Those two labels bring negative attention to bigger kids who are at a very susceptible age. The kids who require extended sizes are most often preteens who are likely already freaked out by their changing bodies. Calling them out by labeling clothes that fit them with words that insinuate being big, fat, heavy, or different is body shaming. Plain and simple.

My daughter is not plus-size and doesn’t need it sewn into her pants.

Being a late-blooming, chunky 12-year-old myself, I have vivid memories of the struggles of finding jeans that fit a body I didn’t yet love. I hadn’t traded my baby fat for the feminine figure I envied, so the only jeans that fit me well were JC Penney’s girls' “plus size.” I remember feeling good, for once, in these pants but was embarrassed by their label. I even would cut off the tags, so no friends would happen to get a glimpse of my "fat pants."

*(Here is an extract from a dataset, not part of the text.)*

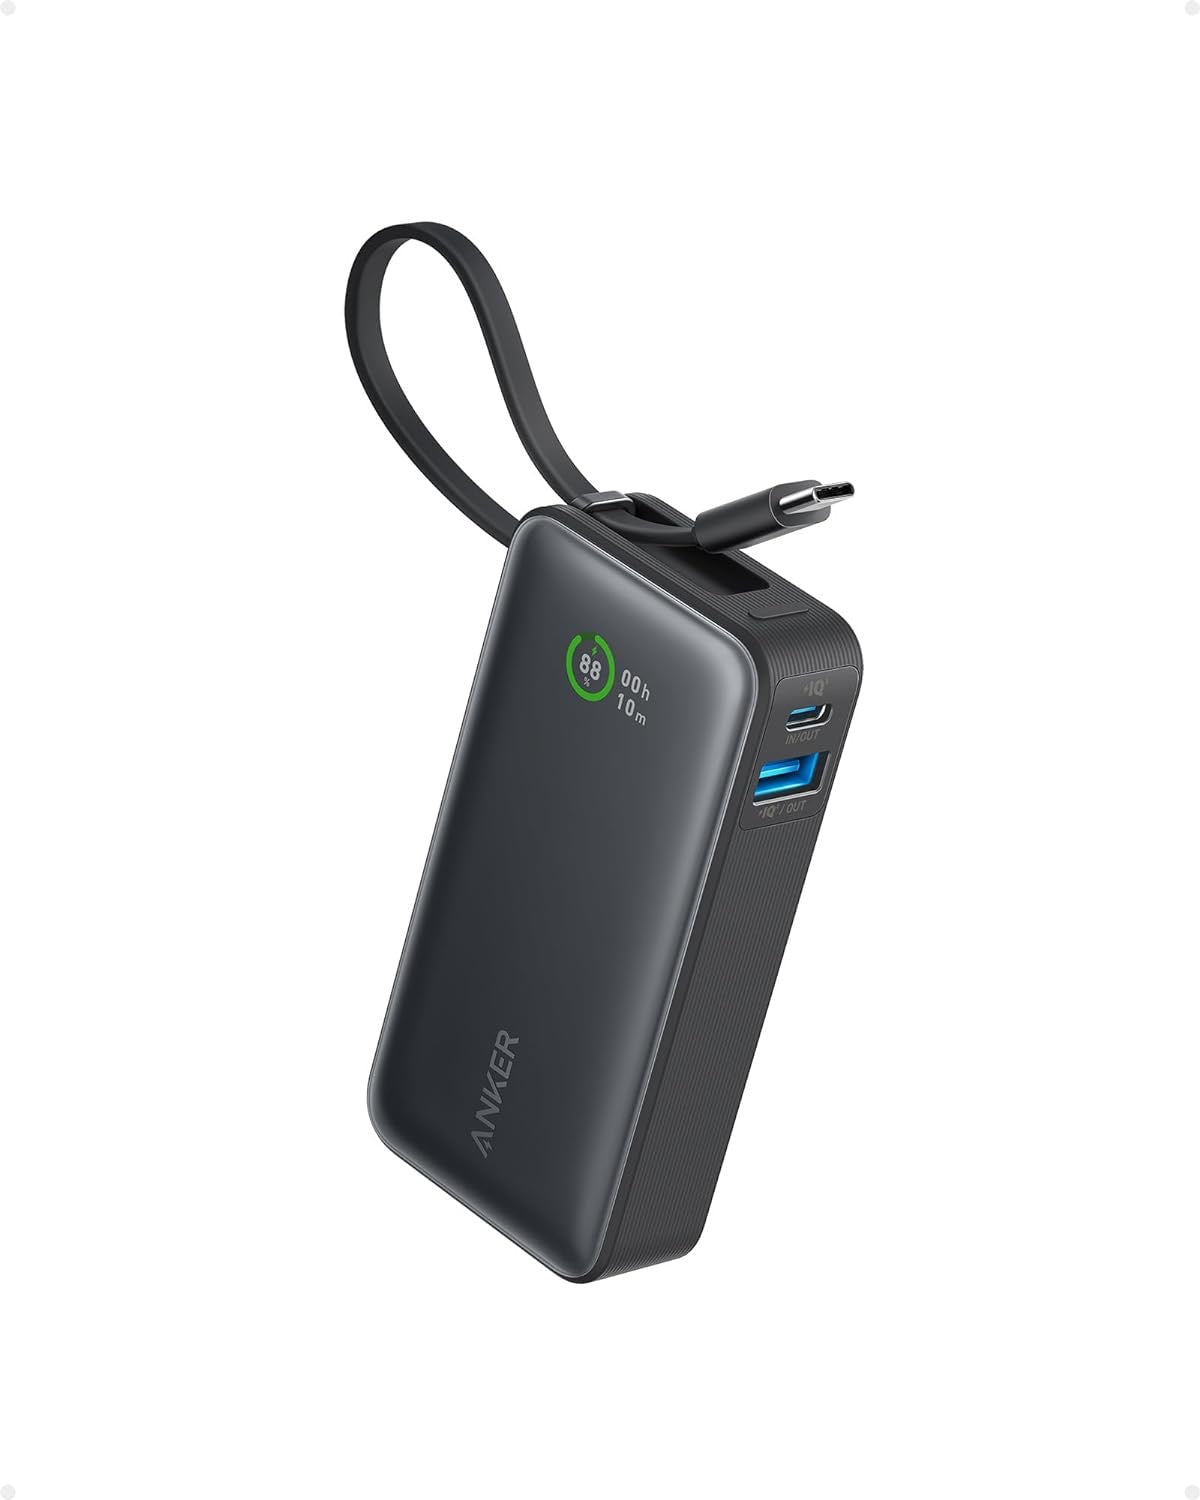 Anker Nano power bank 10000mah (30w,built-in usb-c cable)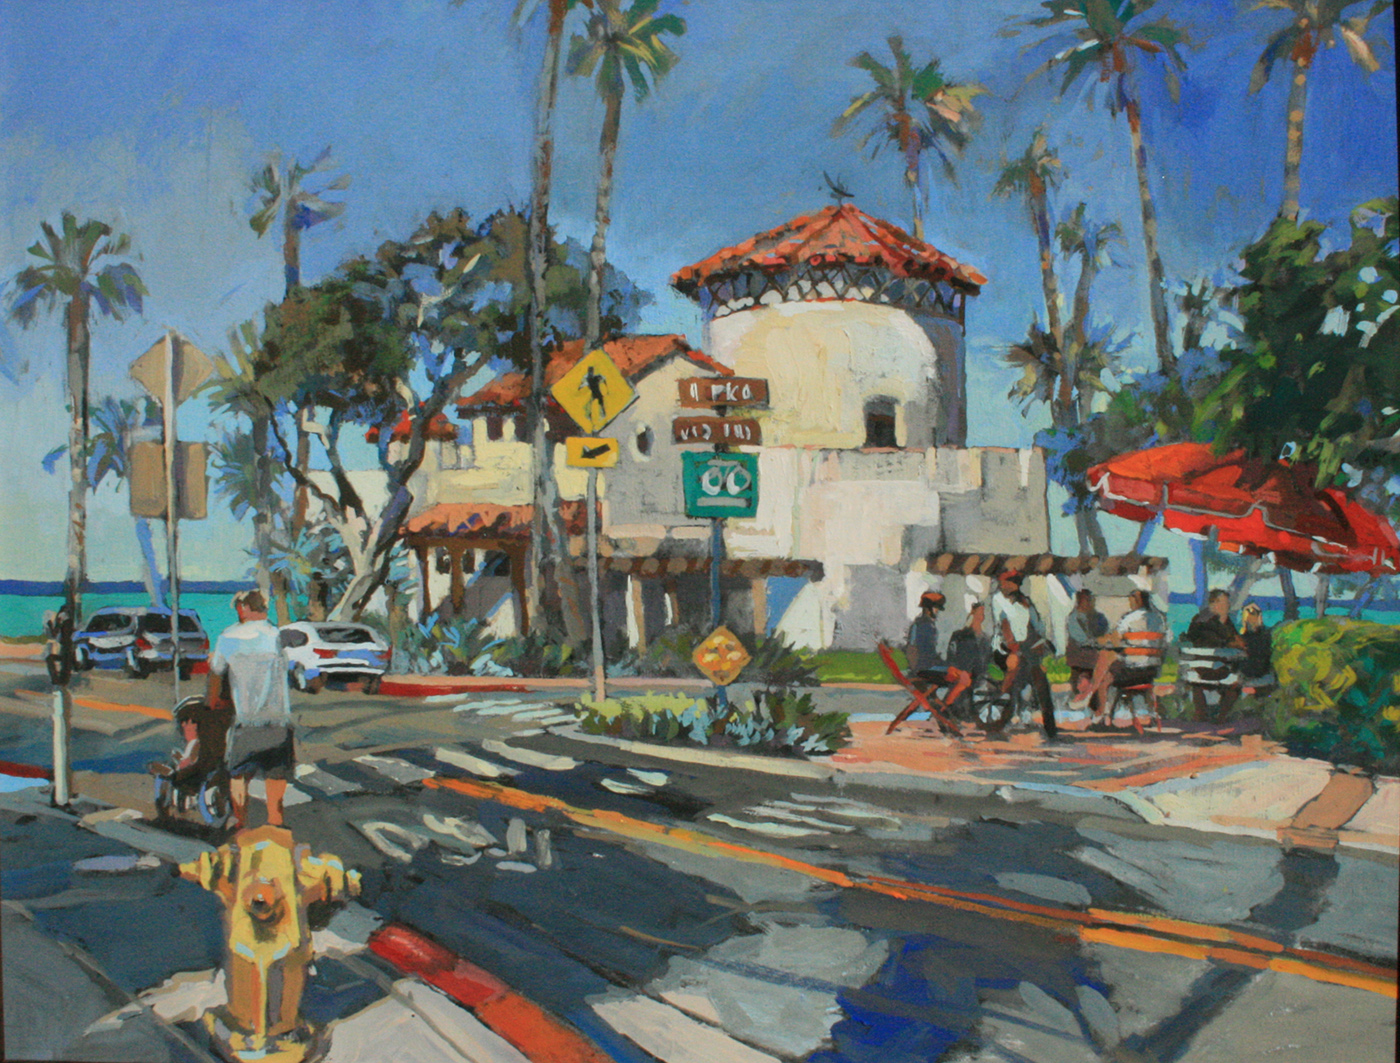 caesin painting of a tall building surrounded by palm trees with a road

Perhaps my personal experience is why I was so disappointed by my discovery when shopping today that many stores are continuing a brand/sizing system that left me feeling less-than as a young kid. Maybe I’m overreacting to words that most people wouldn’t even think twice about, but if I still remember the shame I felt by being a 12-year-old in plus-size pants 25 years later, maybe it deserves some attention.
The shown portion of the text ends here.